Striving for a healthier workforce

Medical stop-loss group captives are not just about saving money. When done correctly, they can be a force for building a more holistic health benefits programme, improving care for employees, and taking a more proactive approach to health and wellness by including health risk management services and support.

Medical stop-loss group captives bring resources, tools and data to captive members to help them identify health risks among plan members and isolate cost drivers.

Reducing costs is obviously critically important to members, but just as vital is how the cumulative actions that fall under the health risk management umbrella can help improve plan participants’ overall health and well-being.

The scope of health risk management includes a wide array of initiatives available to group captive members.

Each member can develop and implement an overarching plan that best fits the needs and culture of its organisation, which means the specific strategies can vary significantly from member to member.

What kind of companies are a good fit for group captives?

In much the same way that there isn’t a singular, all-encompassing model that works for every company, not every organisation is a good fit for a medical stop-loss captive. Since group captive members swim in a relatively small risk pool, selectivity is essential for the overall health of the captive.

Companies looking to join a group captive should be comfortable making the transition from passive policyholders to active owners of a reinsurance company.

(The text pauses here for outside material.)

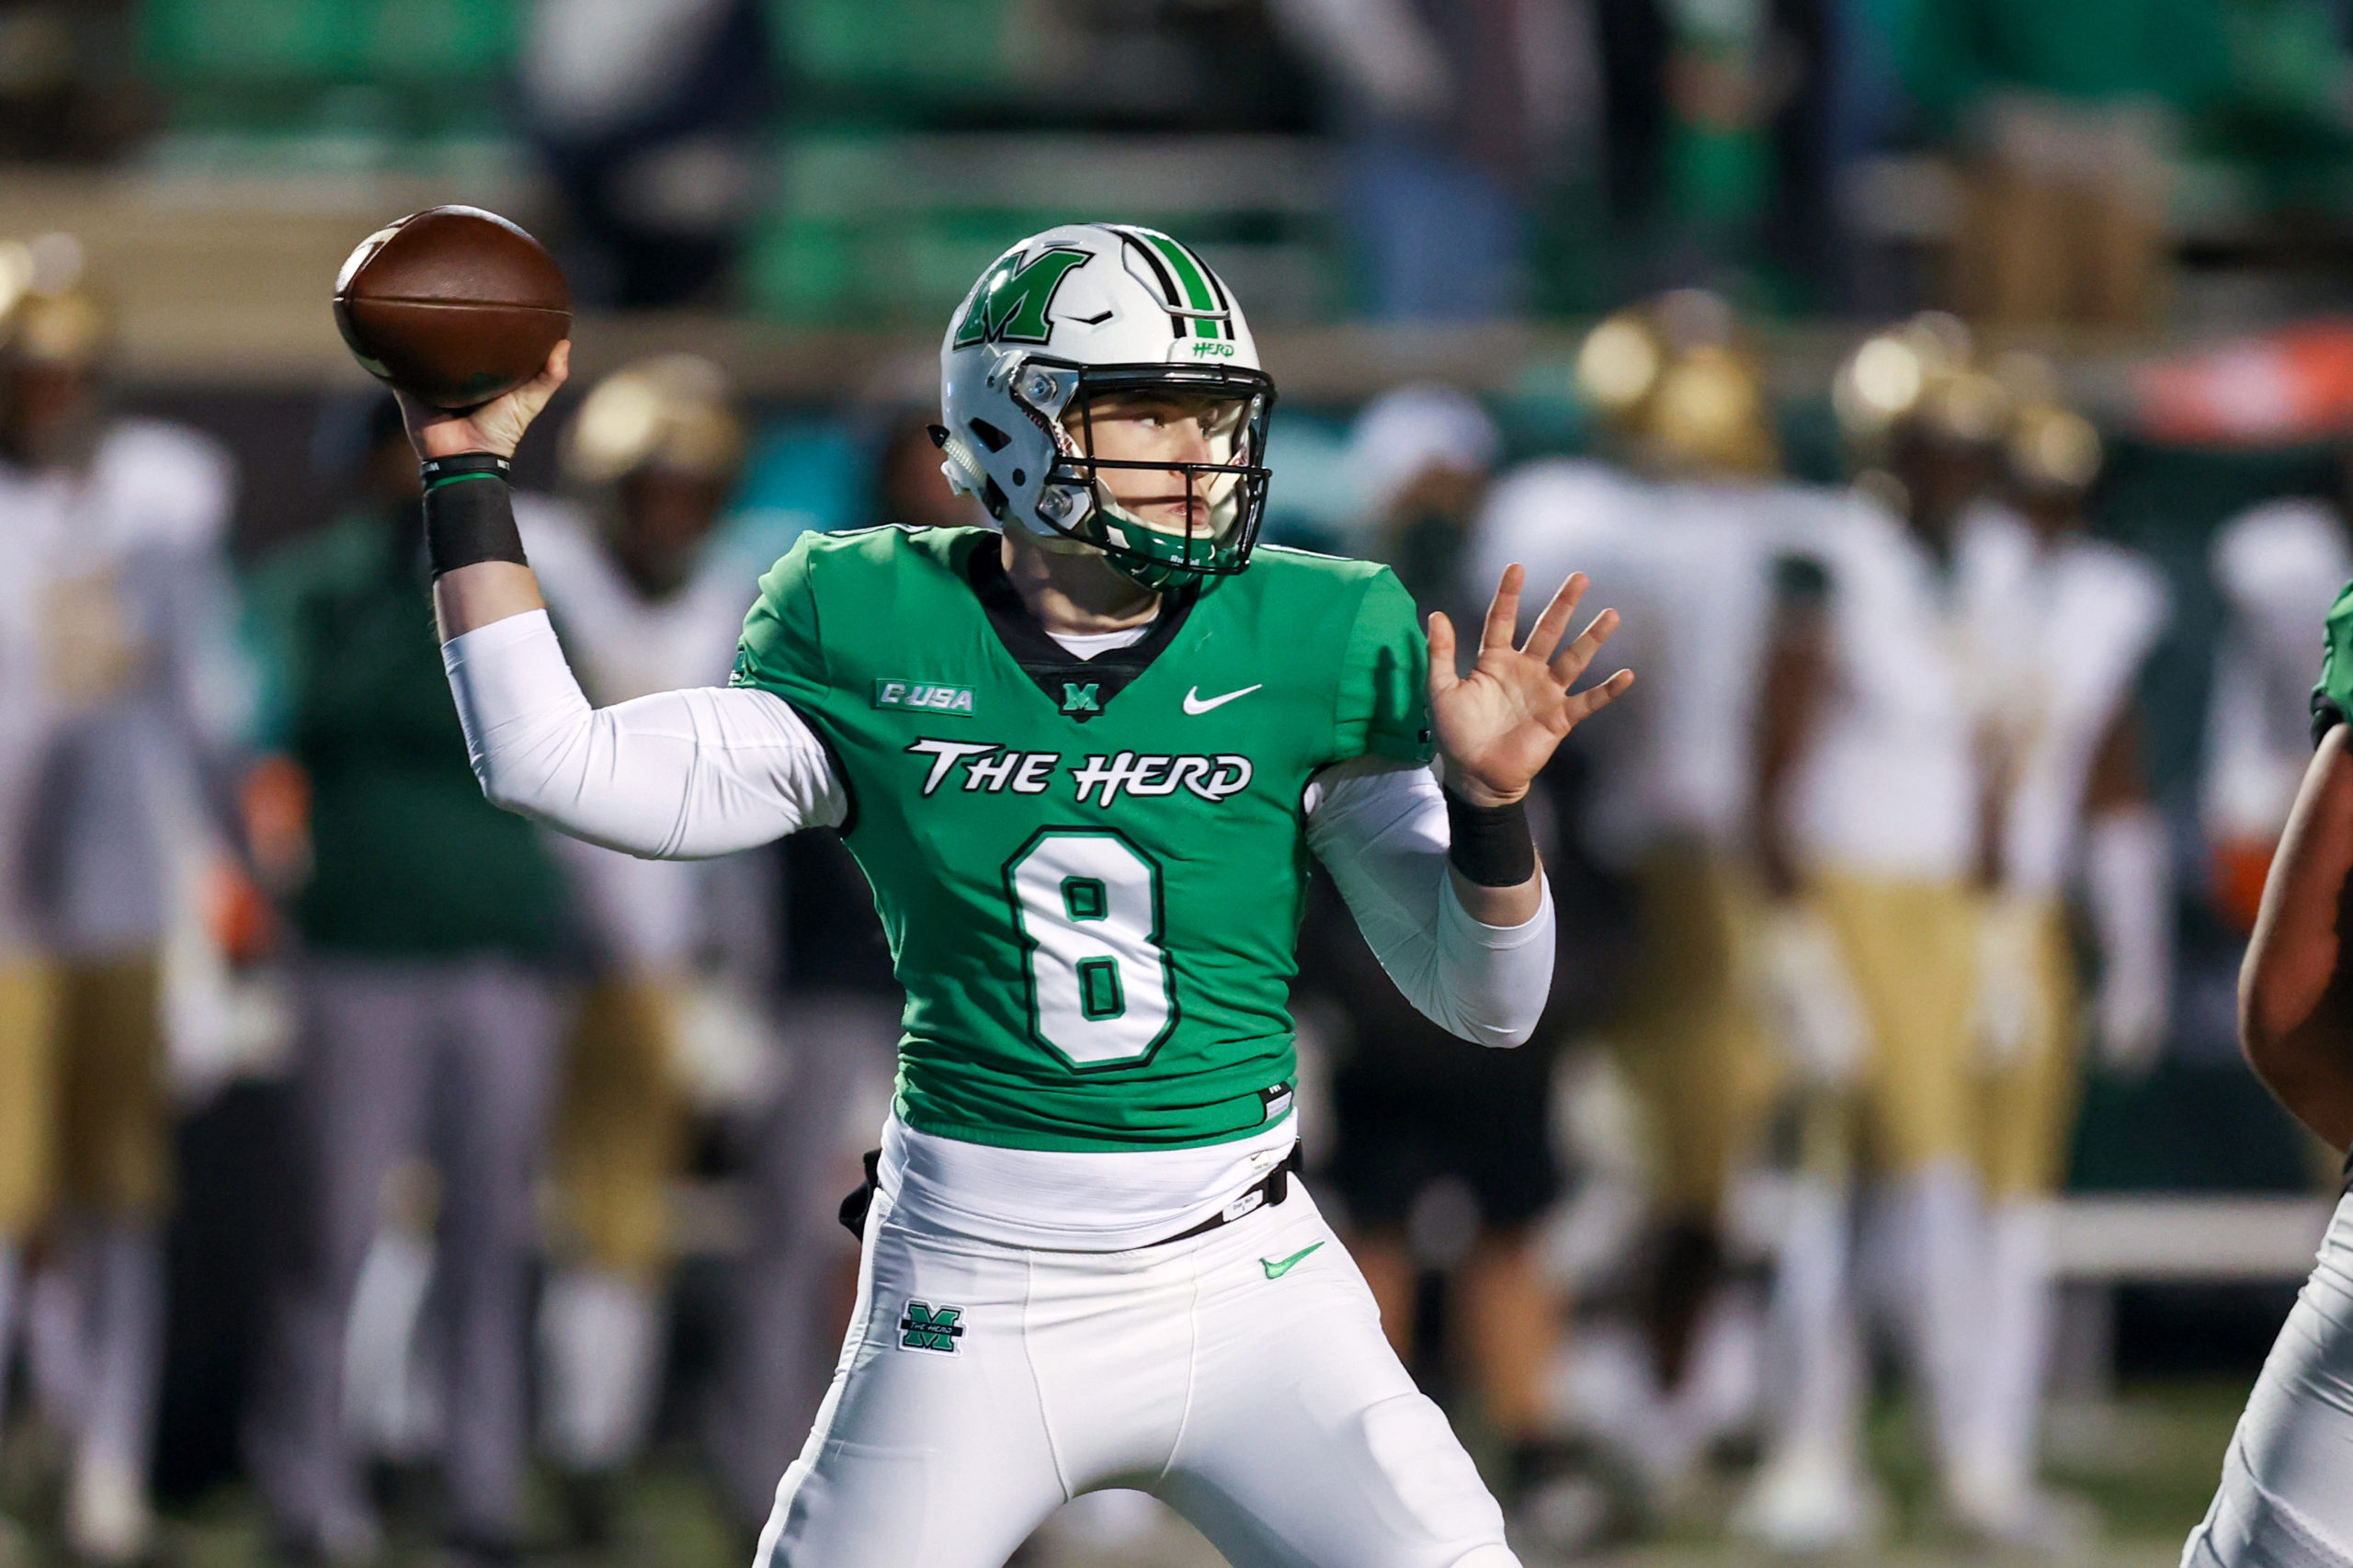 HUNTINGTON, WV - DECEMBER 18: Marshall Thundering Herd quarterback Grant Wells (8) throws a pass during the fourth quarter of the 2020 Ryan C-USA Football Championship Game between the UAB Blazers and the Marshall Thundering Herd on October 24, 2020, at Joan C. Edwards Stadium in Huntington, WV. (Photo by Frank Jansky/Icon Sportswire via Getty Images)

There are options to suit an array of employers. The vital thing for employers is finding the right model. Here are a few questions for employers to consider:

  • Is your firm self-funded or looking to transition from the fully funded market? Self-funded employers have access to additional data that can simplify the transition to a group captive; however, employers in fully funded plans are still eligible for captive membership.
  • Is your firm comfortable assuming more risk for the opportunity to be rewarded or would you prefer to pool that risk with other employers? If your company falls into the former category, a risk/reward model where individual performance plays a more prominent role in determining dividends may be most suitable; if you fall into the latter, a pooled approach with more emphasis on the captive’s overall performance is likely the better option. Employers should work with their broker or consultant and a trusted captive advisor to find the model that can meet their firm’s unique needs and culture.